Recently analyzing the trend of the British pound, there's a question worth pondering: how much longer will the pound continue to fall?



Speaking of which, the British pound has indeed experienced quite a few ups and downs over the past few years. In 2015, it was still at a high of 1.53, but by the night of the Brexit referendum in 2016, it plummeted to around 1.22, a scene that made global markets realize how sensitive the pound is. Later, during 2020’s pandemic and the 2022 "mini-budget" disaster under Truss, the pound even collapsed to a historic low of 1.03. If you had been holding British pound investments since 2015, the experience over these years has definitely been uncomfortable.

But here’s an interesting shift. Starting from the end of last year, market expectations began to change. The U.S. started entering a rate-cutting cycle, while the Bank of England maintained high interest rates. This "policy misalignment" is actually bullish for the pound. Capital started flowing back into British assets, and the exchange rate gradually climbed from the bottom, now oscillating around 1.26.

I’ve observed that the pound’s movements follow a few clear logical patterns. First, whenever political uncertainty arises, the pound tends to fall first. Brexit, Scottish independence rumors—these uncertainties are what markets fear most. Second, during U.S. rate hikes, the pound usually weakens, but now the situation has reversed. Third, the Bank of England’s policies and employment data also matter: good data and a hawkish stance from the central bank tend to push the pound higher.

Looking ahead, the key factors for the pound are a few. UK inflation remains around 3.2%, and the Bank of England will likely keep interest rates high. Unemployment is stable at 4.1%, with strong wage growth—these support the currency. Meanwhile, the U.S. has already started cutting rates, with expectations of a 75 to 100 basis point cut in the second half of the year. This interest rate differential will continue to support the pound.

So, when might the pound rebound? My view is that if the U.S. continues to cut rates while the UK maintains high interest rates, the pound could rise back to 1.30, even challenging 1.35. But risks are clear: if UK economic data worsens and the central bank is forced to cut rates earlier, the pound might test 1.20 or even lower again.

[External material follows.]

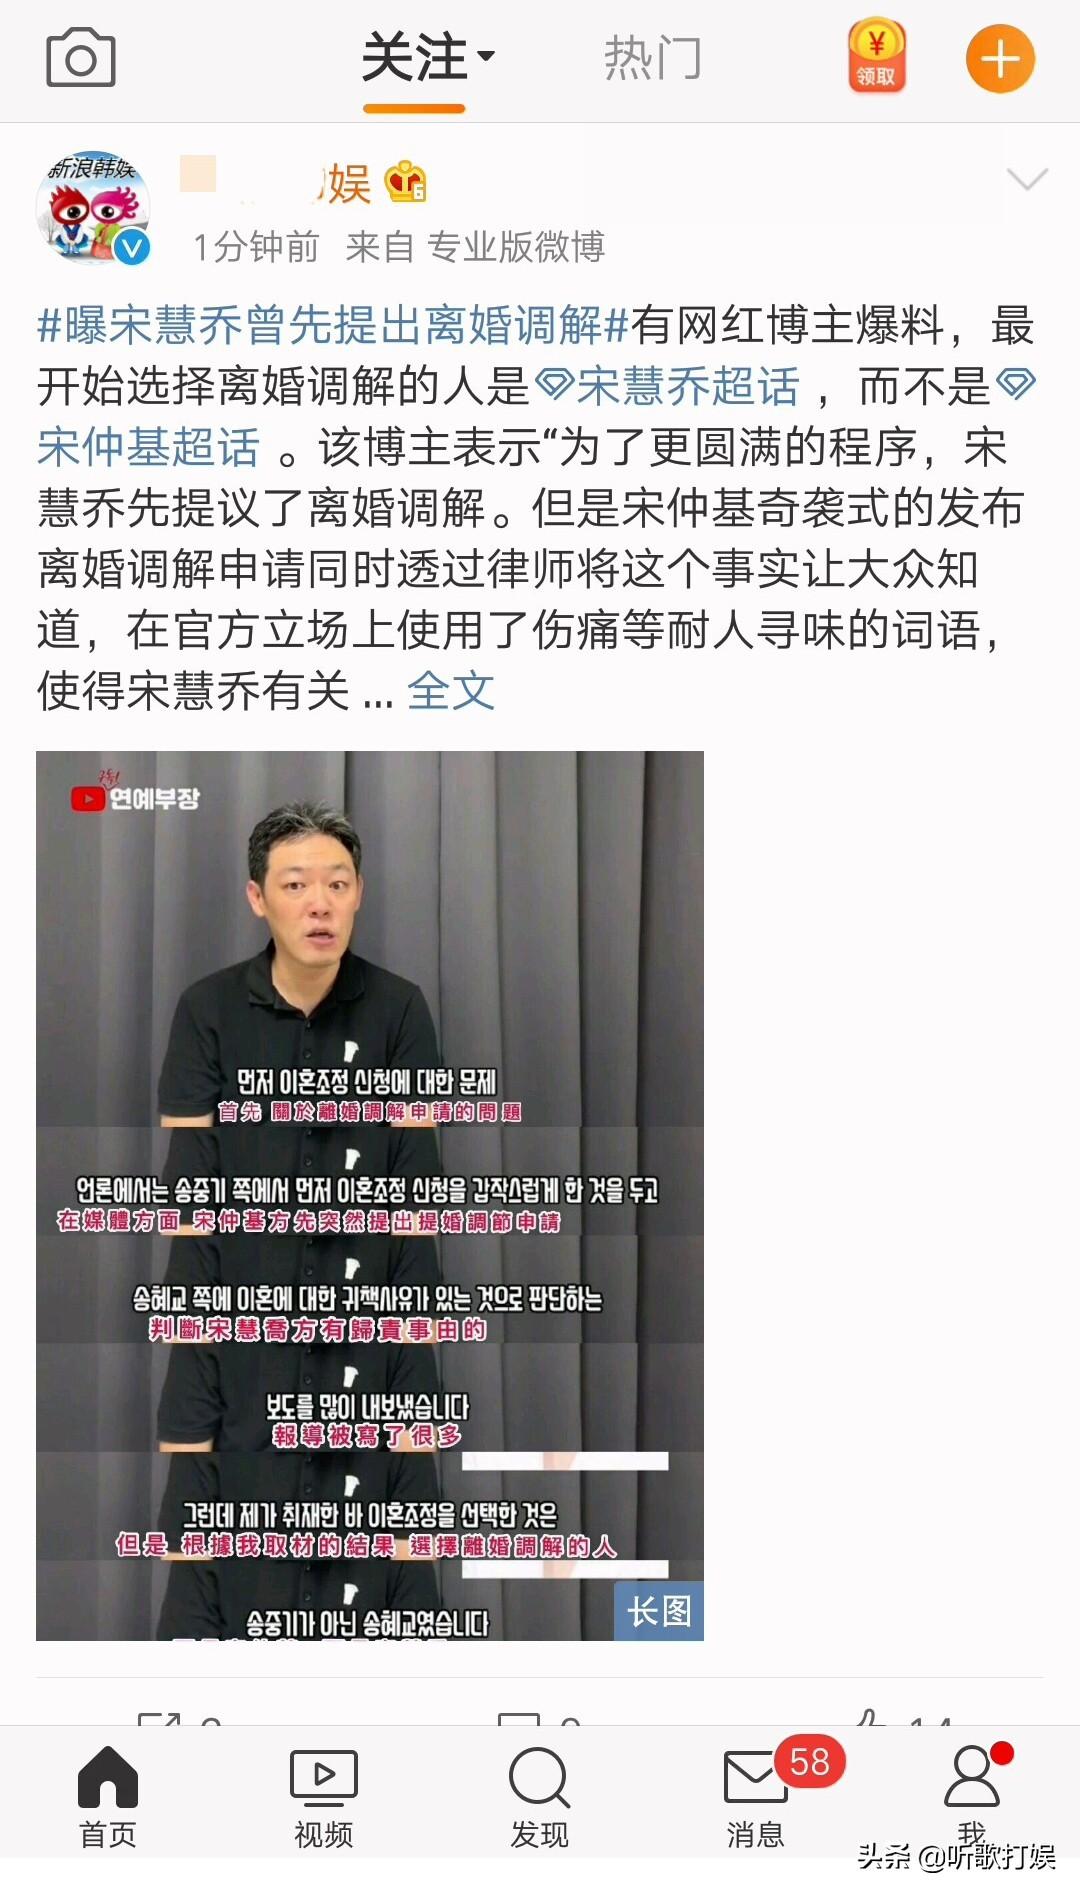 知名博主曝宋慧乔先提出离婚调解,两人已于今日正式离婚
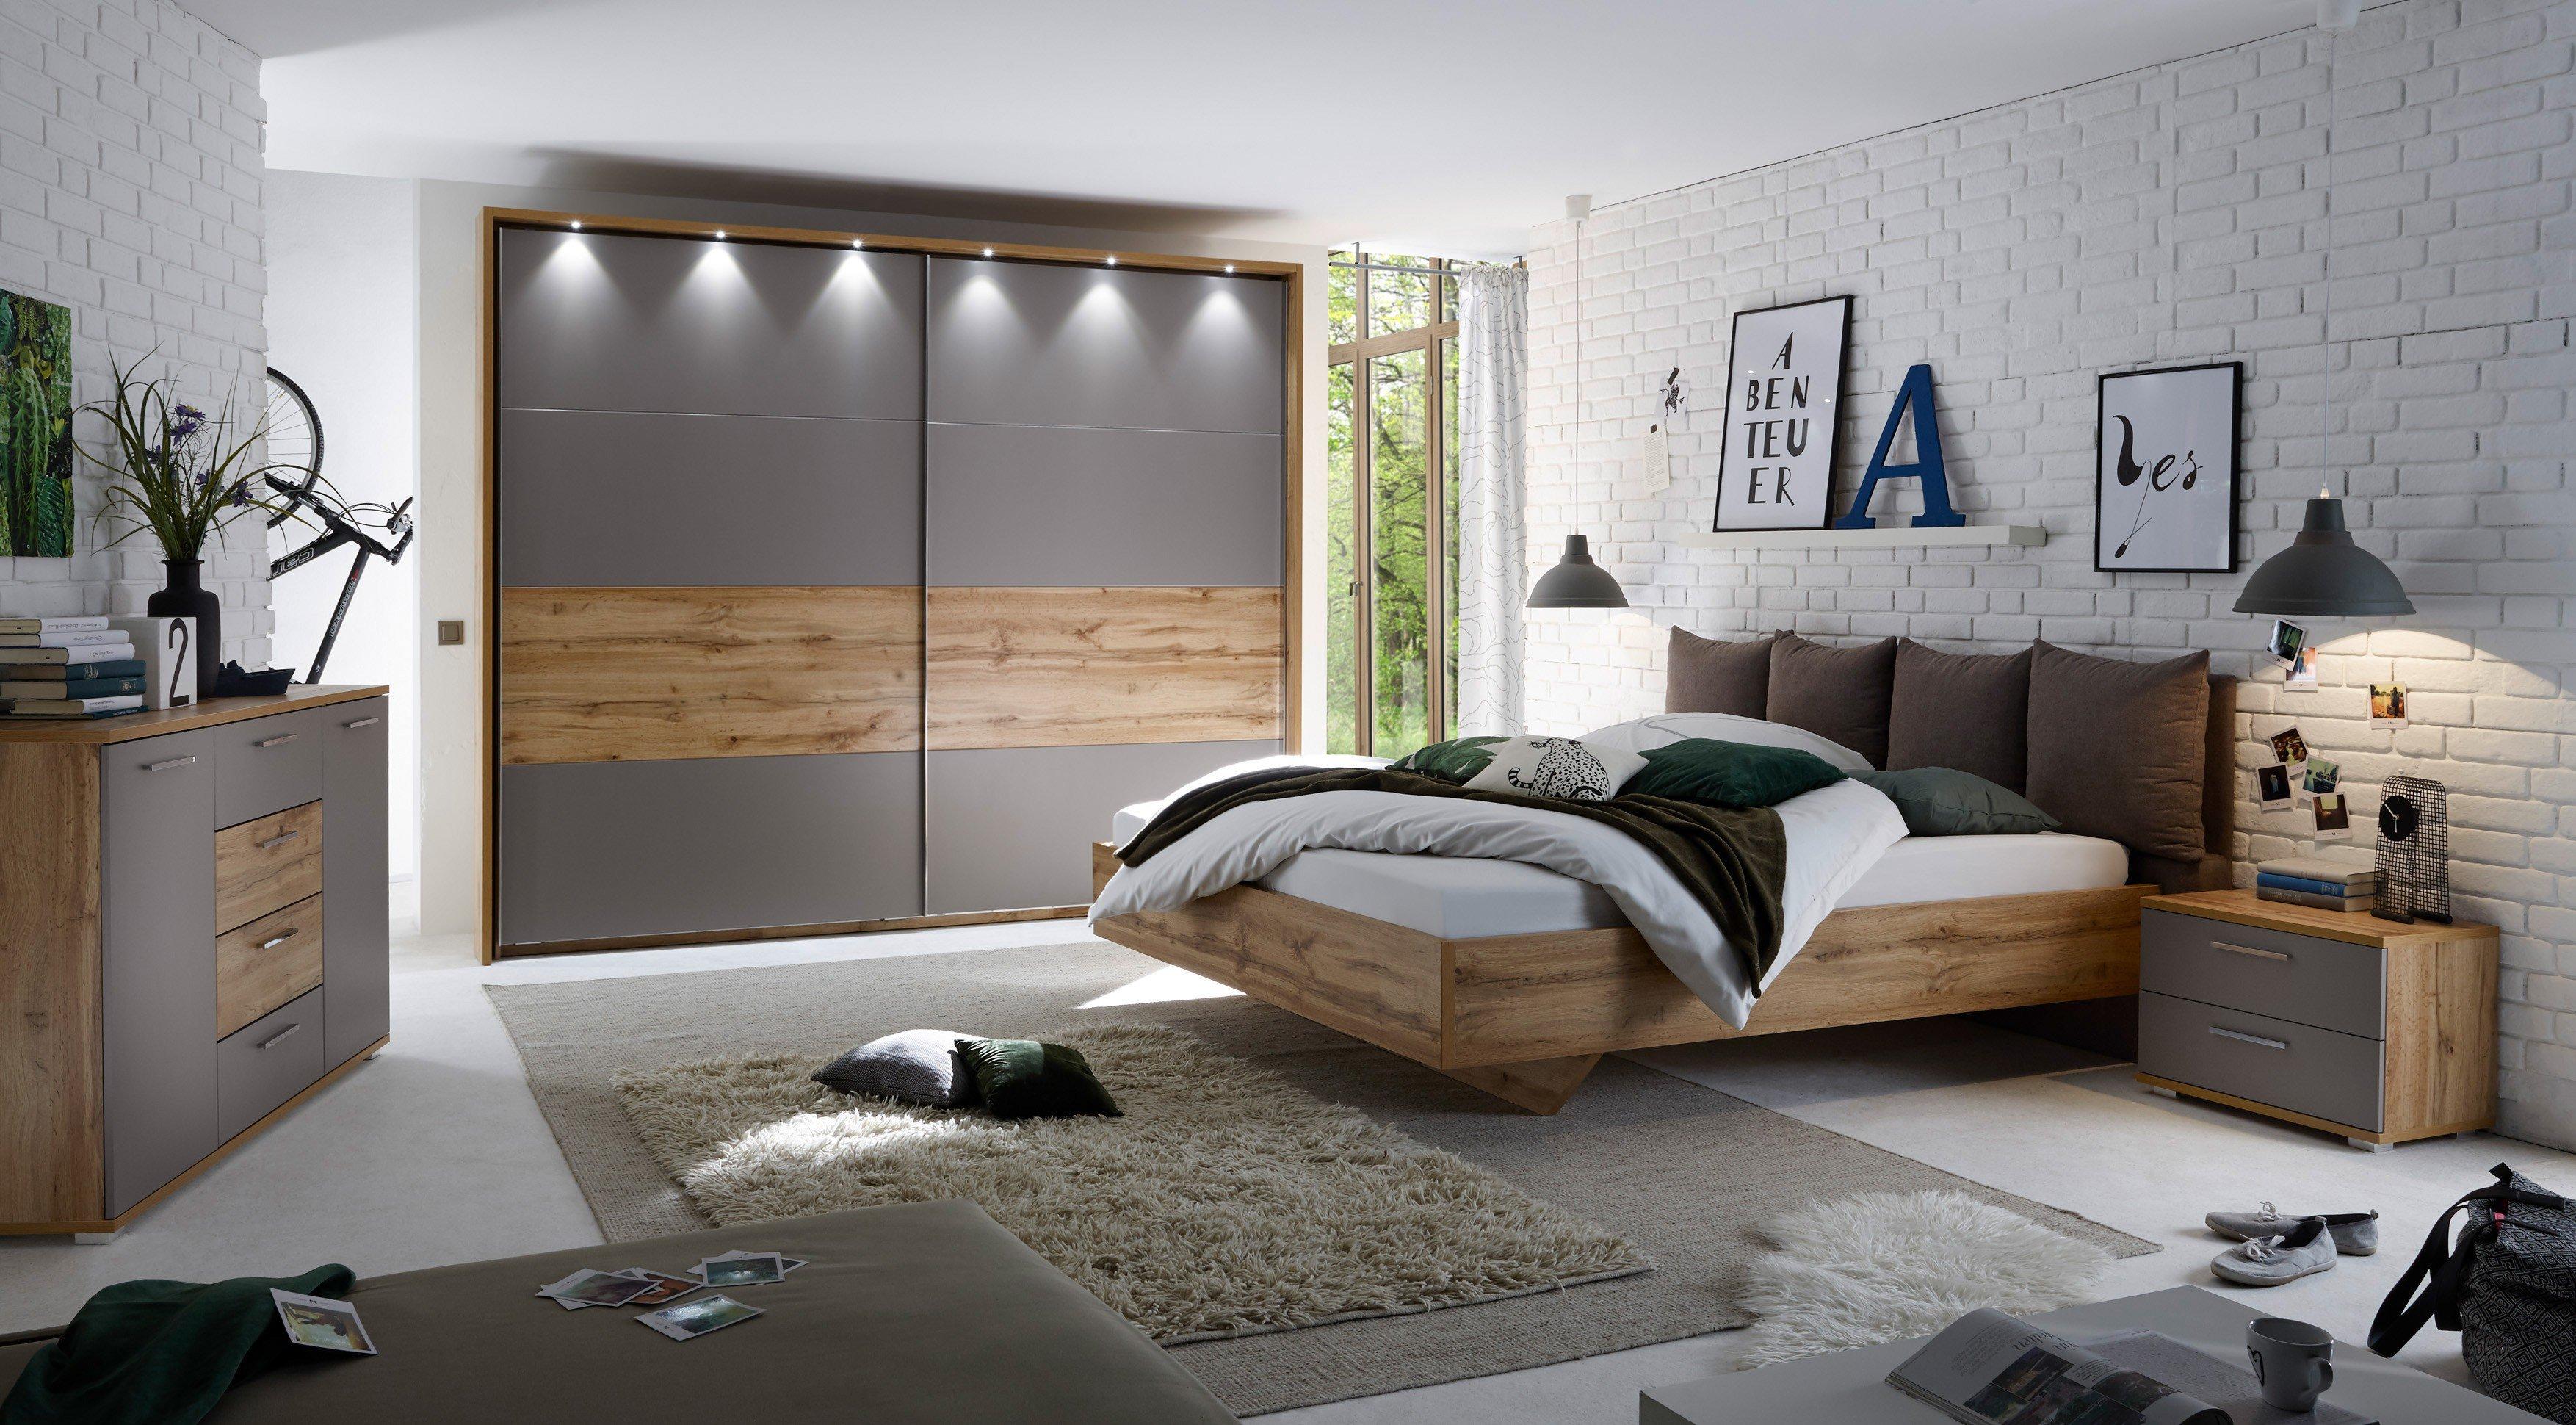 SchlafKONTOR Delta Schlafzimmer Wildeiche - basalt | Möbel Letz ...

For trading the pound, it’s best to focus on cross-market points, especially during the period from London open to the U.S. market open, when volatility is highest. Pay close attention to Bank of England decisions, GDP releases, and other major data.

If you’re optimistic about the pound’s future rise, consider going long. Of course, always set stop-losses to manage risk. The pound’s high volatility makes trading without stops very dangerous. Some platforms offer leverage and flexible trading conditions that can help you seize short-term trends, but only if you have a clear understanding of risk management.

Overall, the pound is at a turning point. Policy misalignment, widening interest rate differentials, and the global de-dollarization trend are creating opportunities for an upward move. But whether the UK’s economic fundamentals can support this, and whether political risks will re-emerge, are key variables. Keeping a close eye on policy directions and economic data from both the UK and the US will give you a better edge than relying solely on technical charts.